> [INFORMATION SHOWN]

:::

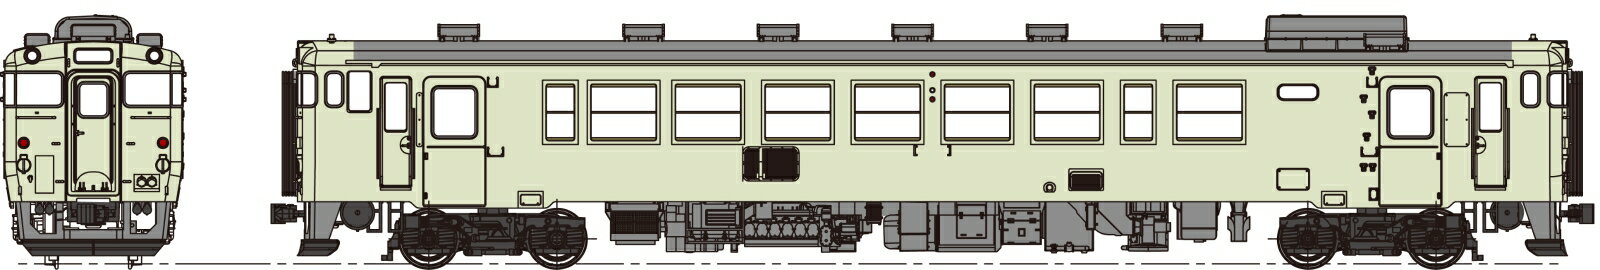 キハ40-500代クリーム10号、動力付 【TW-K40-500EM】 (鉄道模型 HOゲージ)
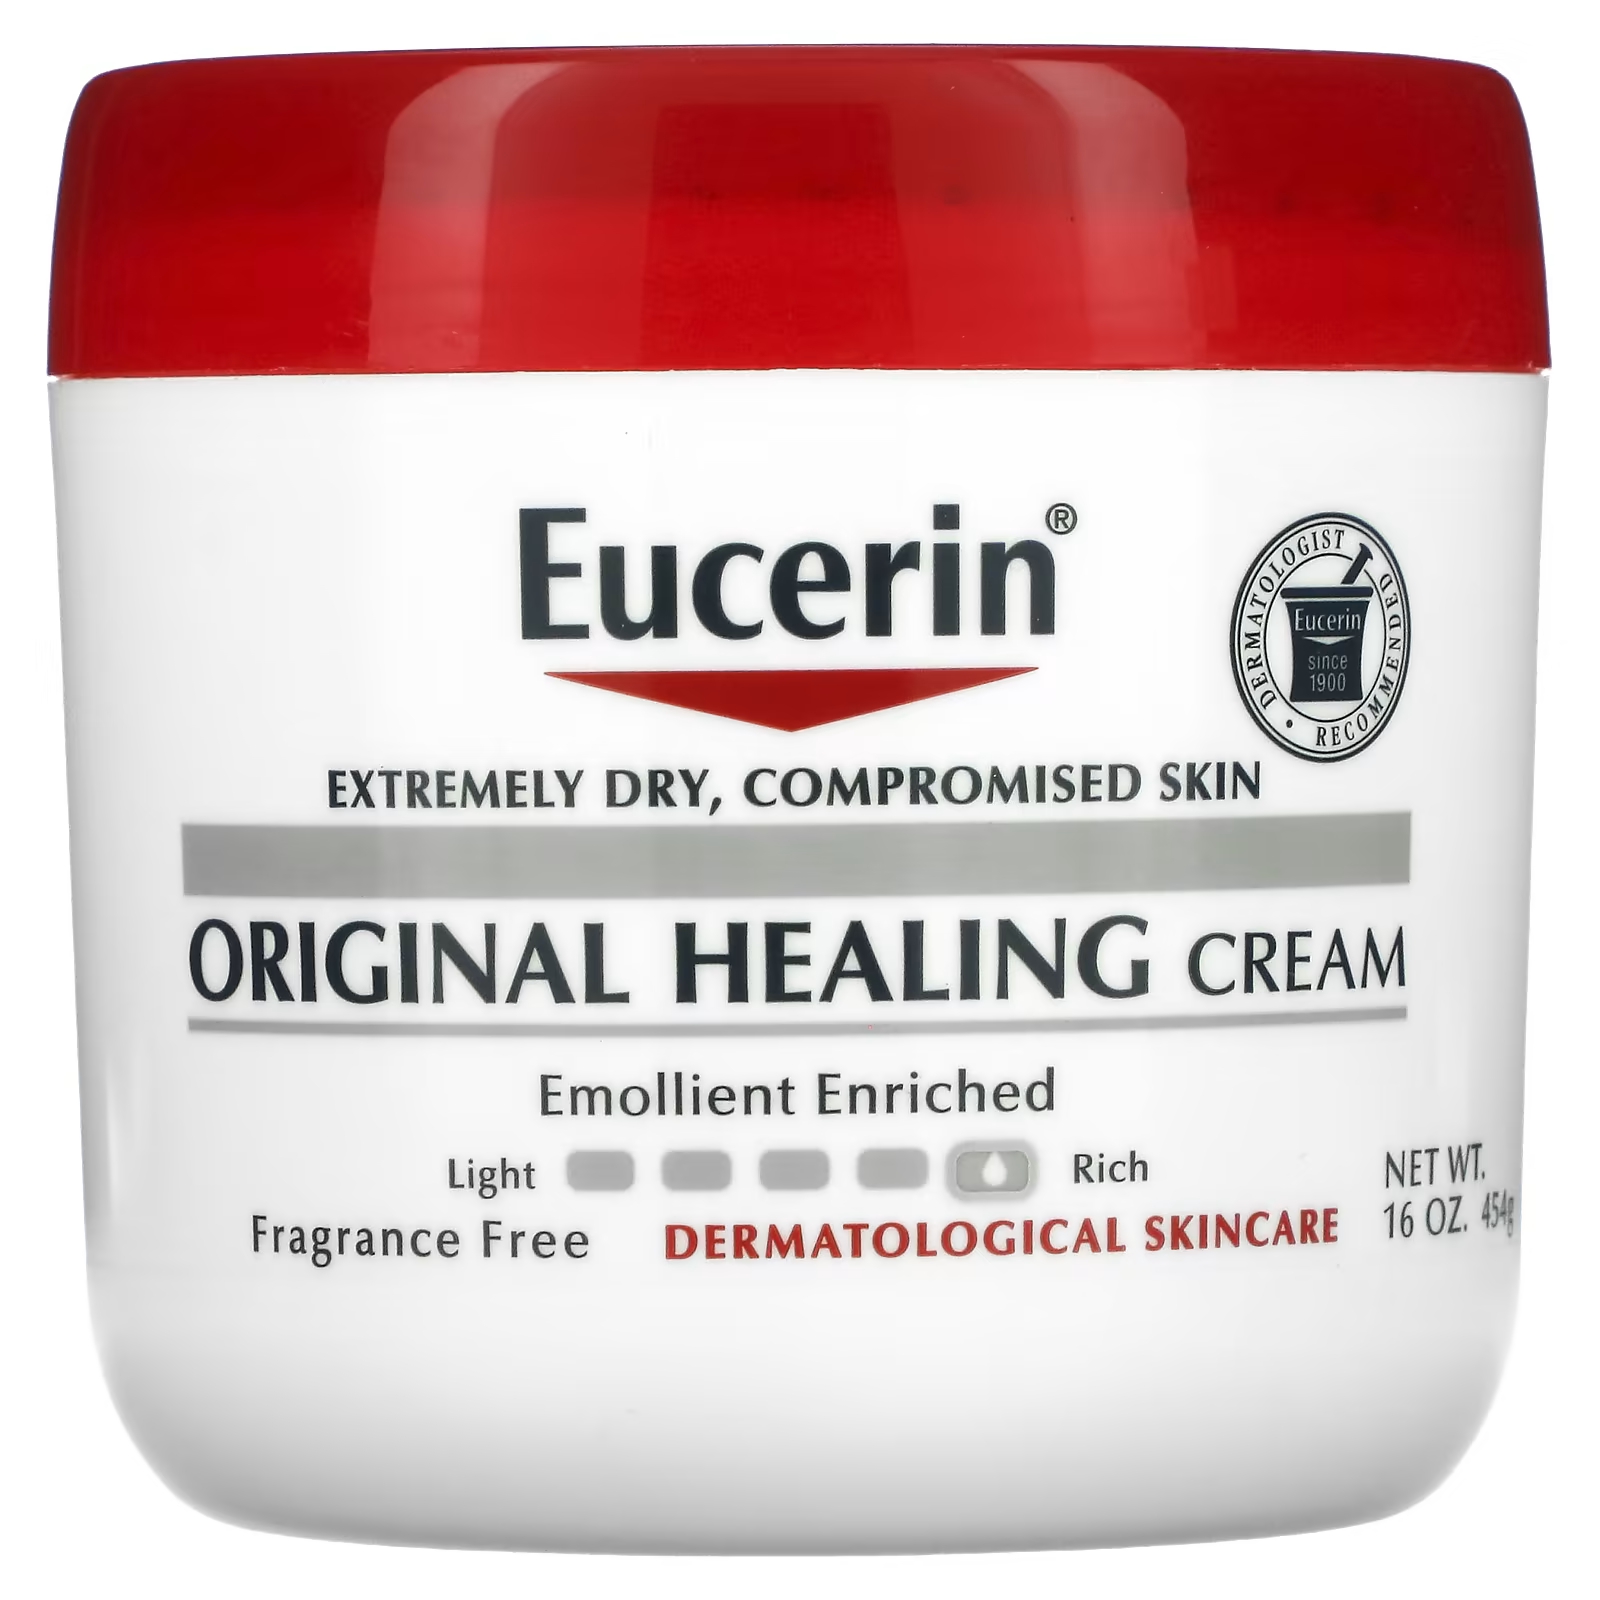 Eucerin Original Healing Cream для очень сухой проблемной кожи, без ароматизаторов, 16 унций (454 г)
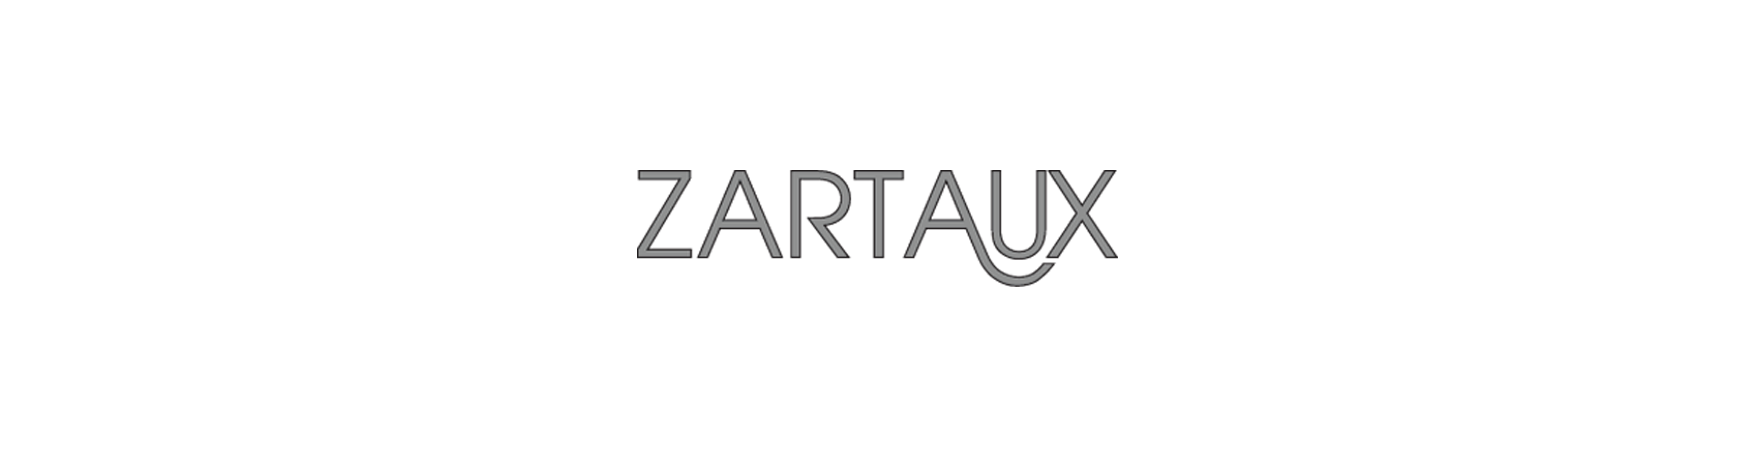 Zartaux
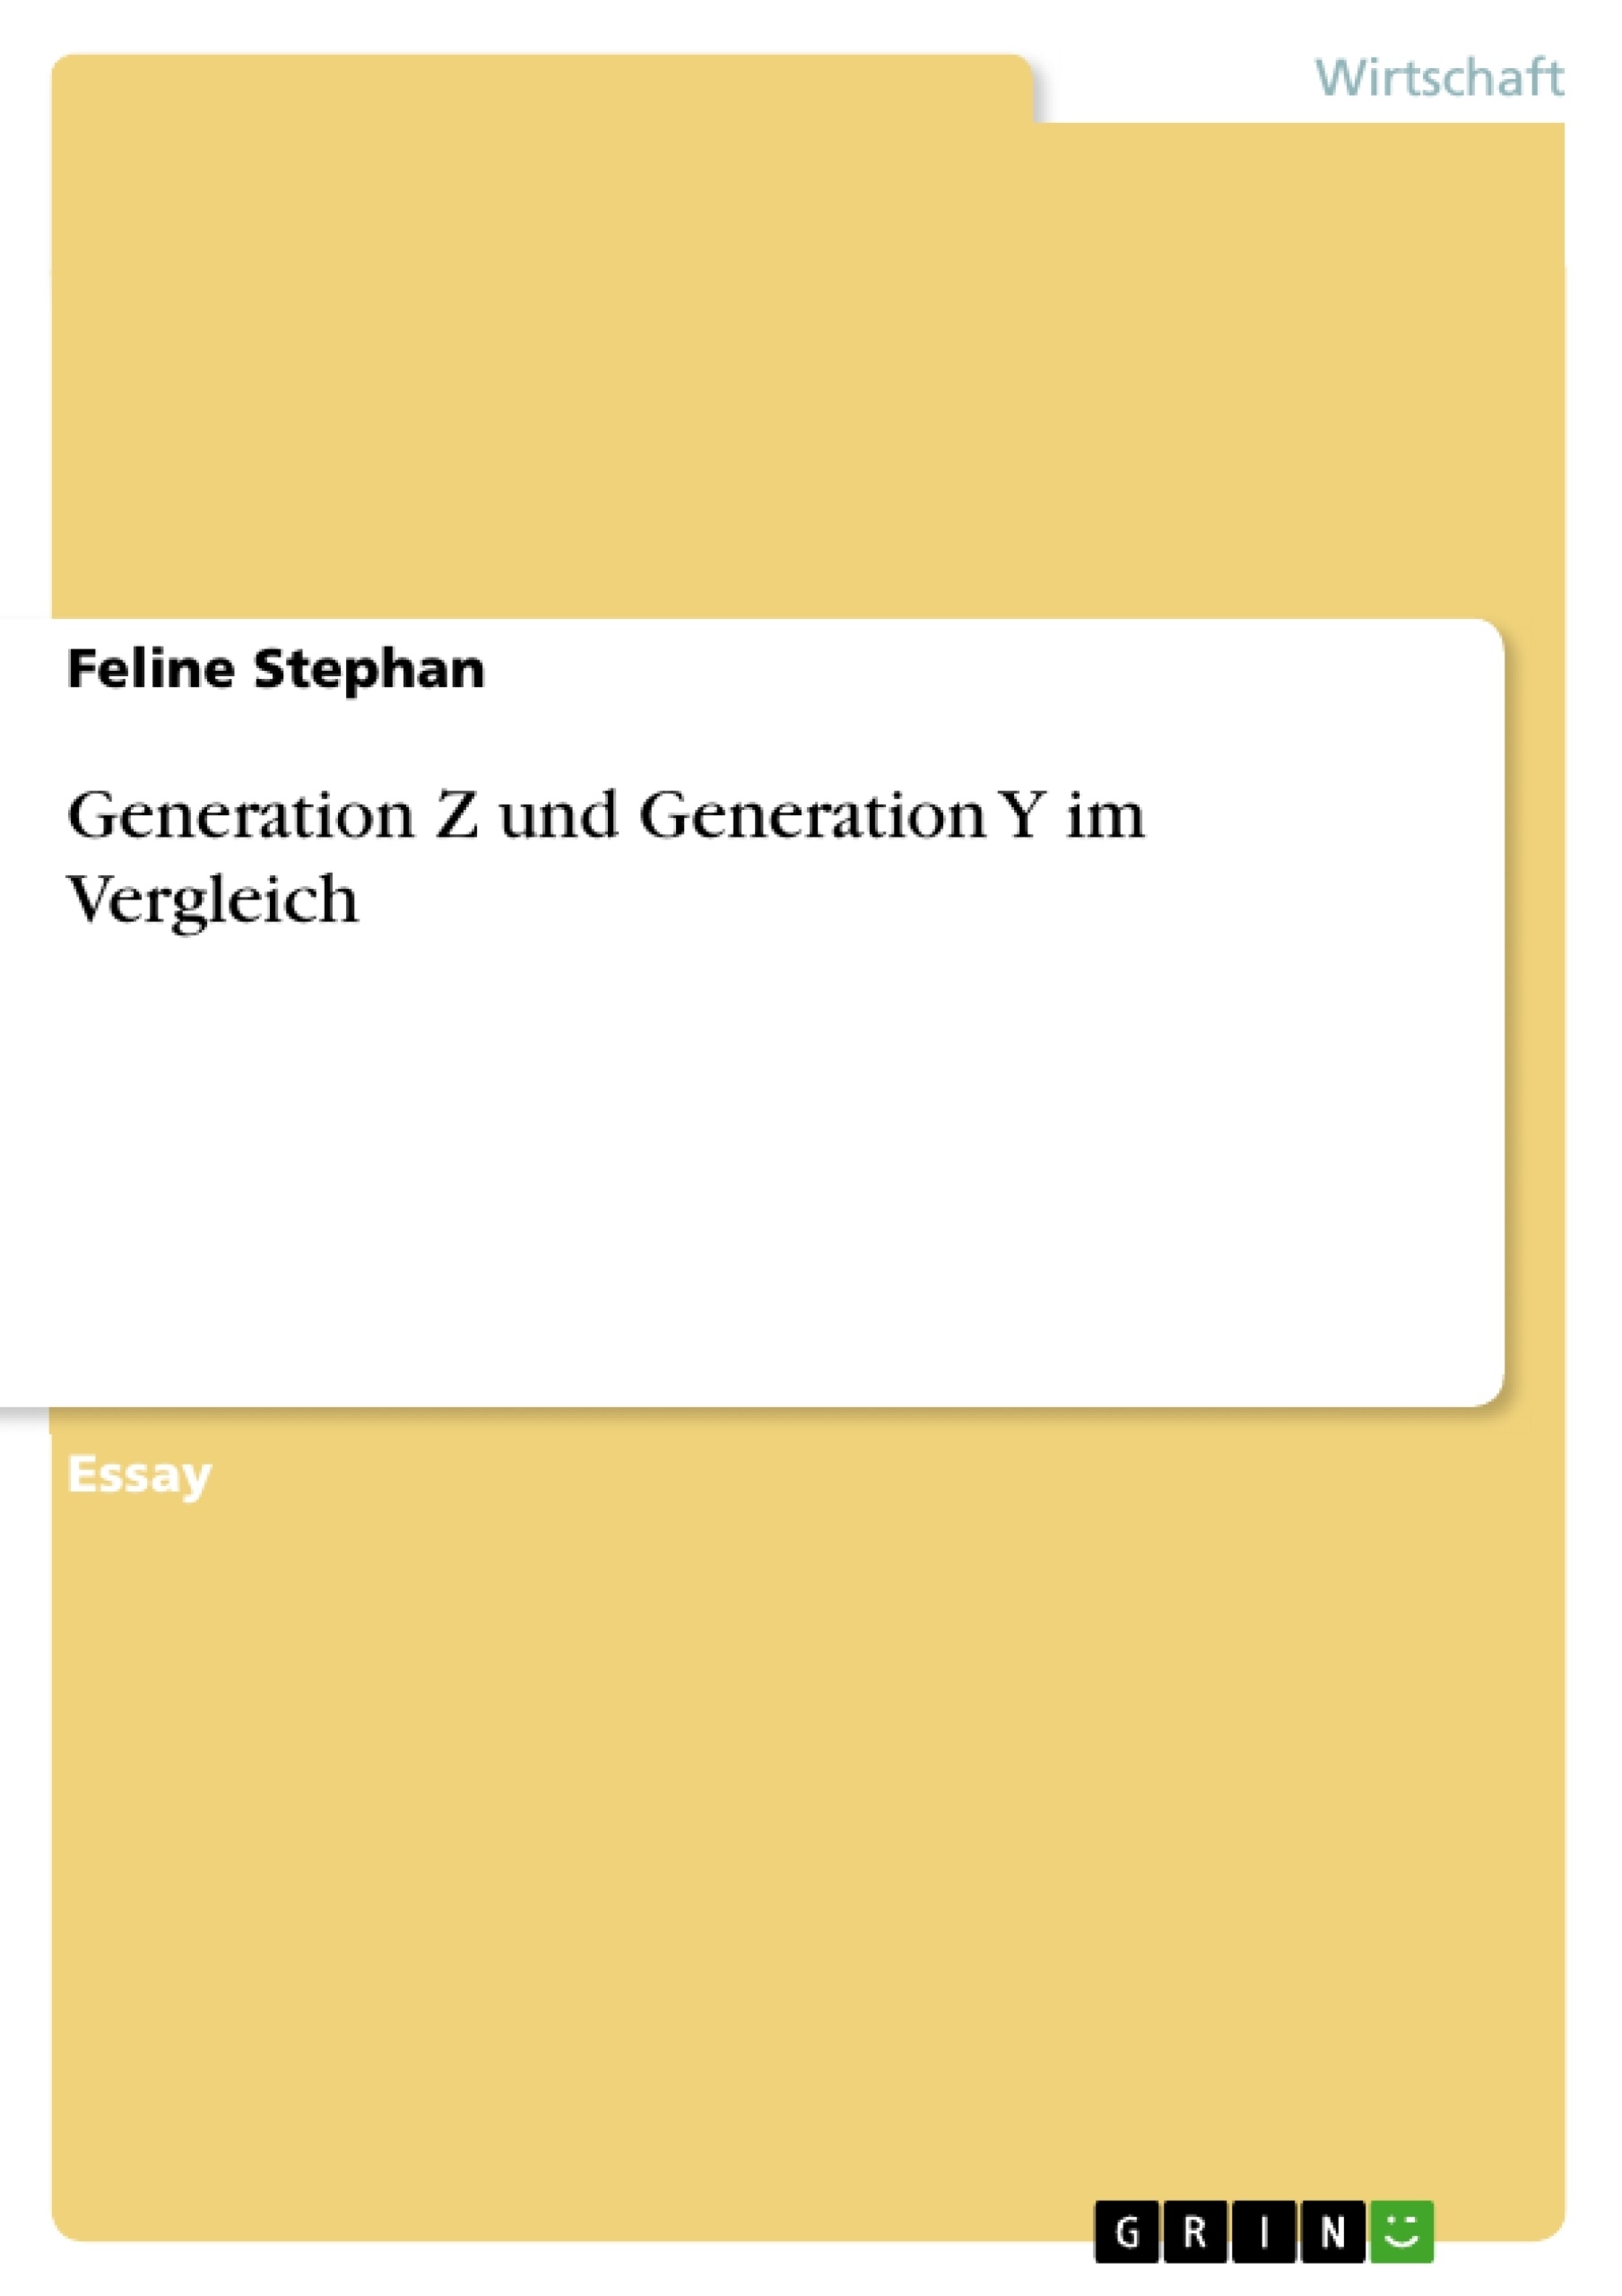 Título: Generation Z und Generation Y im Vergleich

:::

> [EXERCISE AIM] Print the listing word for word but skip its pictures.

> [OUTPUT OF THE TASK]
 キハ40-500代クリーム10号、動力付 【TW-K40-500EM】 (鉄道模型 HOゲージ)
 Eucerin Original Healing Cream для очень сухой проблемной кожи, без ароматизаторов, 16 унций (454 г)
 Zartaux
 Título: Generation Z und Generation Y im Vergleich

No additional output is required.